Hammers, Screws and NoSQL

There’s a clichéd expression I like which is “when all you have is a hammer everything looks like a nail” – the meaning of course is that sometimes when a person only knows one way to solve problems, in their mind every problem can be solved that way. In the modern software ecosystem, there are such a wide diversity of tools and technologies available that the main constraint in designing a solution is not really one of technology being available, but being suitable for the skills and ways of thinking of the people who will design implement and maintain it.

When a new paradigm of a particular technology is very obviously different, the need to apply a different way of thinking is also obvious. The learning curve can be steep, but at least everyone will recognize that they need to learn and respect the different paradigm. I’ve seen teams struggle much more when a technology looks on the surface like it can be bent to fit the team’s existing thinking, because as a means of marketing the product, features that look at a glance like they map to other products have been added.

A great example of this is that some can perceive the indexes offered by some document databases, and queries against a SQL database, to be broadly equivalent. There is some degree of similarity – both offer a means of searching the database by an arbitrary set of parameters. However, the mechanism by which the two work is very different – and recognizing and leveraging those differences is key. I’ll stick with our indexing example, which happens to be based on RavenDb, a popular document database built on the .Net framework. The design of RavenDb is deliberately designed to be welcoming to newcomers, and a lot of things that the designers don’t intend the database to be good at will still work, as a way to be accommodating… up to a point. Critics of the database often share the opinion that it would be preferable to present a more consistent experience by not allowing these things, ever; that way there would be no surprises later on when a limit is hit.

One such thing that RavenDb does to help newcomers is that it will dynamically create indexes at runtime; however crucially, all indexing is asynchronous, and so if a newly created index is executed immediately, it will always give 0 results – because the index hasn’t been populated in the background yet. This creates a situation where it is possible to run an identical query twice on a database with no writes taking place, and get vastly different results – which will of course be very confusing! The paradigm here that newcomers need to embrace is eventual consistency, whereby the system will settle to a consistent state given time, unlike SQL databases where the consistency model for queries is much simpler. There is nothing inherently wrong with either behavior, but there are situations where one could be preferable to the other for the specific context, and understanding the difference and applying it to your context is essential.

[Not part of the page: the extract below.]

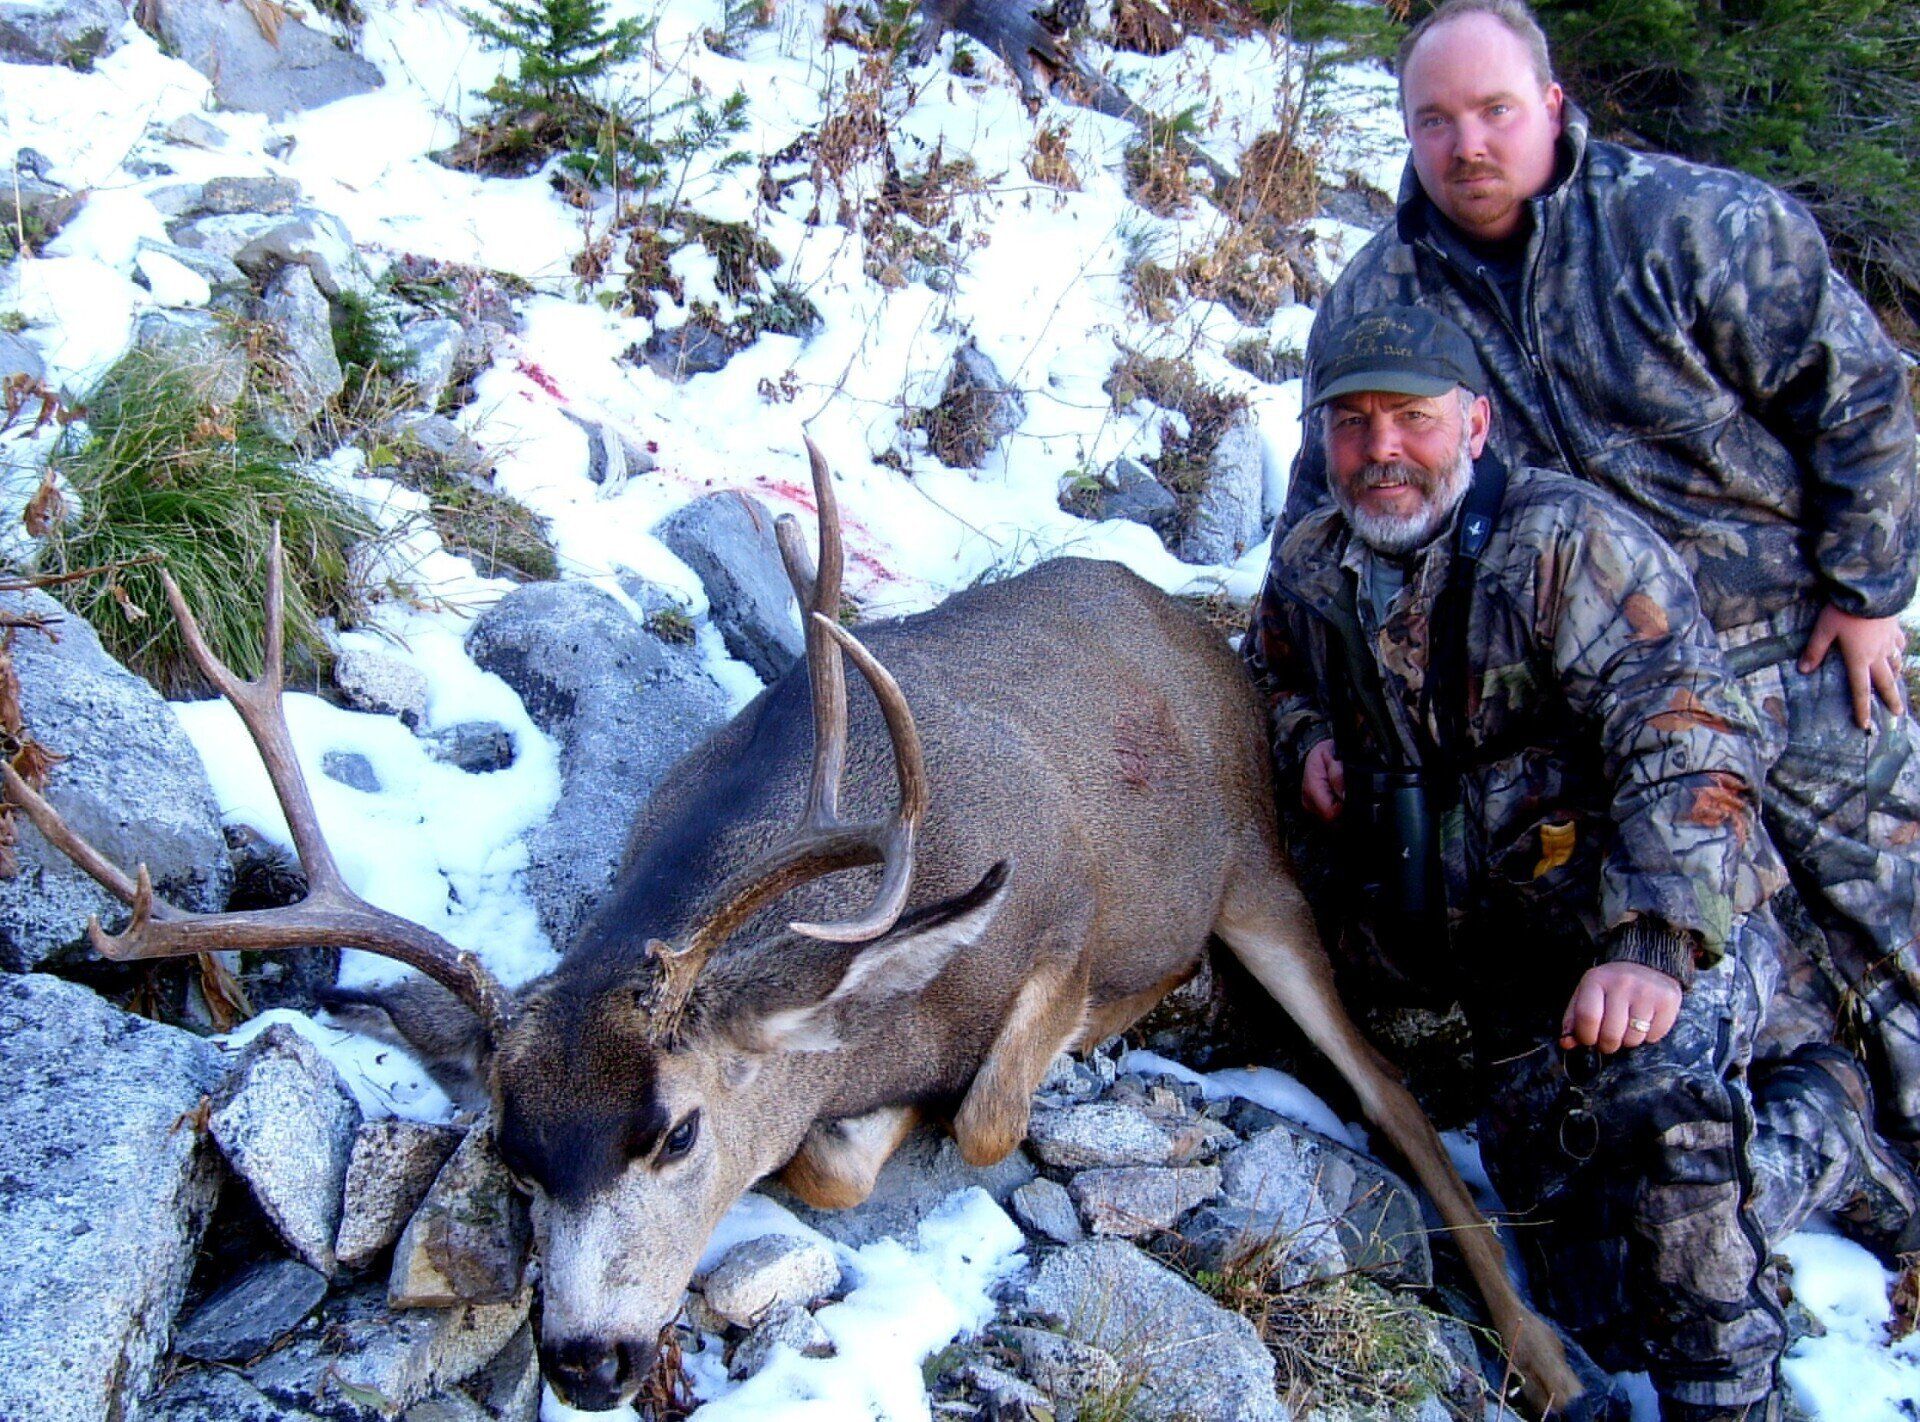 Idaho Mule deer hunting outfitter, Idaho Mule deer hunting guide,

A temptation for newcomers who are seeing this behavior and who haven’t designed for it is to try to work around it rather than embrace it. RavenDb does offer an option on every query to “wait for non-stale results”, which gives the same behavior as SQL, in that the read results will be consistent every time. The trade-off here is obvious and is in the name – the way RavenDb counters eventual consistency if you ask it to is by simply waiting. In a development or test environment, this probably won’t take long, and won’t be an issue. When the project hasn’t been live for long and doesn’t have much data, it probably won’t take long either, but this is very dangerous, because sooner or later as a system grows in its data volume and user traffic, using the “wait for non-stale” variants will cause major problems.

(It should be noted that RavenDb does offer an extensive configuration model, where a lot of these behaviors including the automatic indexing model I’ve described here can be adjusted to suit your needs, and RavenDb’s documentation explicitly cautions strongly against using the “wait for non-stale” variants outside of integration tests).

So what can you do about it? Embrace the paradigms of your tools and technology! In this example, the problem is because people are thinking in the patterns of another technology. Modelling data in a relational SQL database and in a non-relational document store such as RavenDb are very different. One pattern that works nicely in document stores is to treat transaction boundaries as documents, which gives a very different shape to the well-established entity modelling that is the de-facto approach in SQL databases. Querying across multiple documents in document stores can be done, but it is not the database’s main strength. However design for loading by key, and shape the data differently when writing, and the user experience will be much better. Eventual consistency can seem tricky at first – but if you know and understand that it is there, that’s a good start. Thinking in terms of the new technology will allow you to get the best from it, rather than trying to turn it into something it’s not!